Jean Paul Roland : La curiosité, en période crise, c’est une notion sensible ! Si on se trompe de tête d’affiche, on peut avoir 20 à 30% de perte de public. Une année, nous avions misé sur Jay-Z dans lequel nous croyions fortement et nous avons eu une grosse baisse de fréquentation. Les têtes d’affiche sont vraiment nos locomotives, pas seulement, mais quand même...

Des groupes comme Radiohead, Blur, At The Drive-In ou les Stone Roses ne se produiront dans aucun festival français à proprement parler cet été (en dehors des concerts aux Arènes de Nîmes, Nuits de Fourvière...). Certains artistes sont-ils en train de devenir inaccessibles pour les festivals français ?

Kem : Nous aussi nous attendions avec impatience At The Drive-In ! Nous avons vraiment essayé pourtant... Dans tous les groupes que tu cites, tous sont encore accessibles. À part peut-être Radiohead. Nous étions sur le coup cette année et ce n’était pas une question d’argent mais plus une question de lieux qu’ils voulaient insolites.
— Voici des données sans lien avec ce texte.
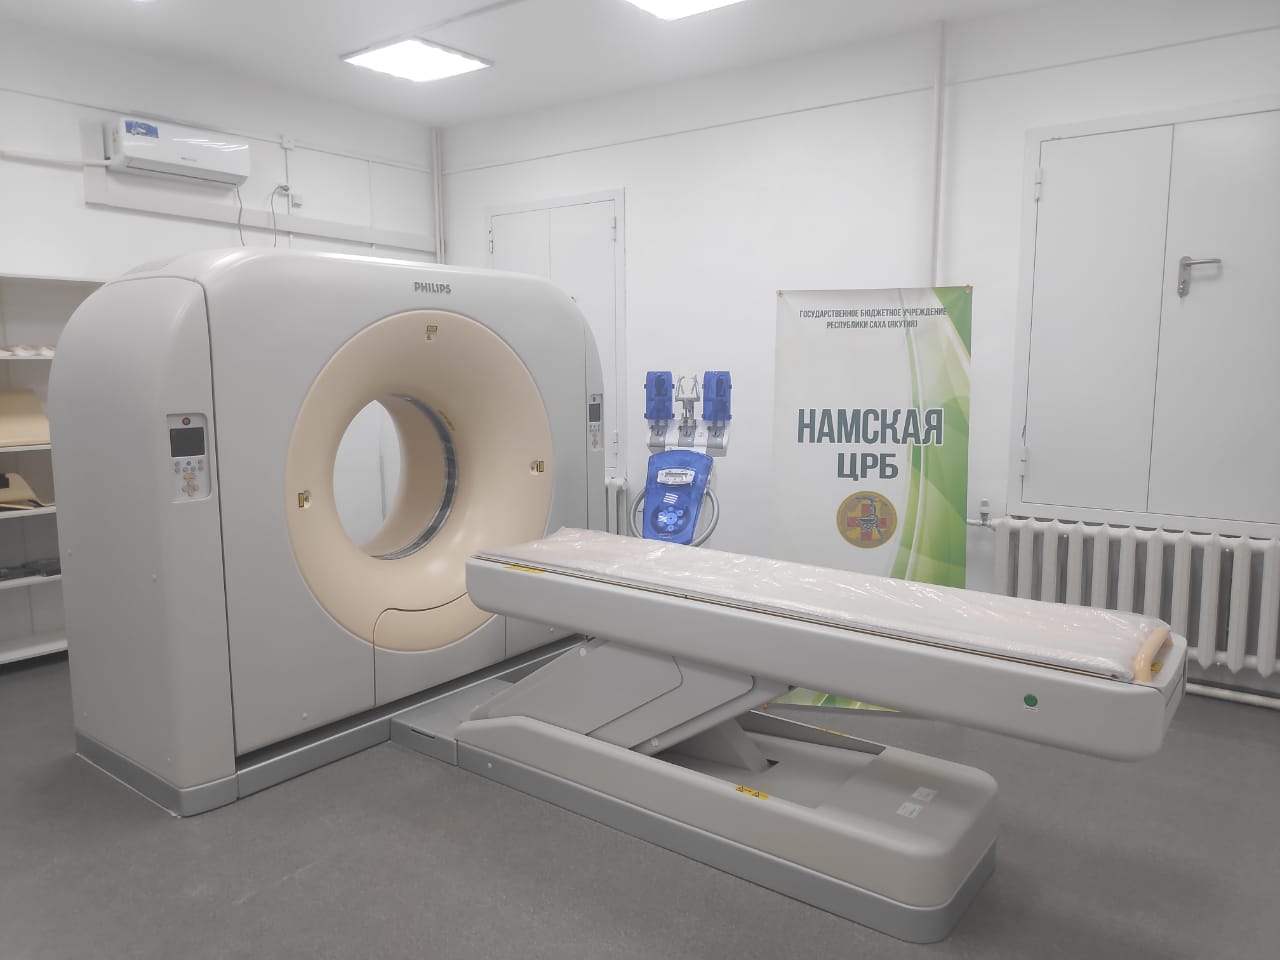 Новый компьютерный томограф появился в Намской больнице в Якутии

Ils ont donc choisi les Arènes de Nîmes et quelques lieux comme une carrière à ciel ouvert à Montreux. Ils ont quand même choisi d'aller à Bilbao pour le BBK parce que là-bas il y avait beaucoup d’argent (rires) ! Quant aux Stone Roses, quand nous avons vu le cachet demandé, nous avons dit à l’agent que c’était exagéré. À contre cœur, parce que nous sommes fans.
Jean Paul Roland : C’est dommage, mais ce sont des reformations qui sont là aussi pour faire un coup. Ils savent qu’on ne les rappellera peut-être pas l’année d’après ! Dans le même genre, My Bloody Valentine n’étaient pas mal non plus concernant le cachet. On se méfie de cela parce qu’il nous faut de l’argent pour aller chercher le petit groupe qu’on a déniché à Austin, par exemple. Je suis très content de travailler avec Kem et Christian (ndlr : l’autre programmateur) parce qu’ils ont cette notion de défense de ces jeunes formations. Je pense que si nous n'avions pas eu Refuse, par exemple, Kem aurait fait une crise cardiaque ! Déjà que nous n'avons pas eu At The Drive-In (rires) !
Kem : L’agent des Stone Roses a pété un câble quand il a vu qu’ils remplissaient deux fois un stade en quelques minutes en Angleterre. Il a cru qu’en Europe et en France, ils feraient pareil...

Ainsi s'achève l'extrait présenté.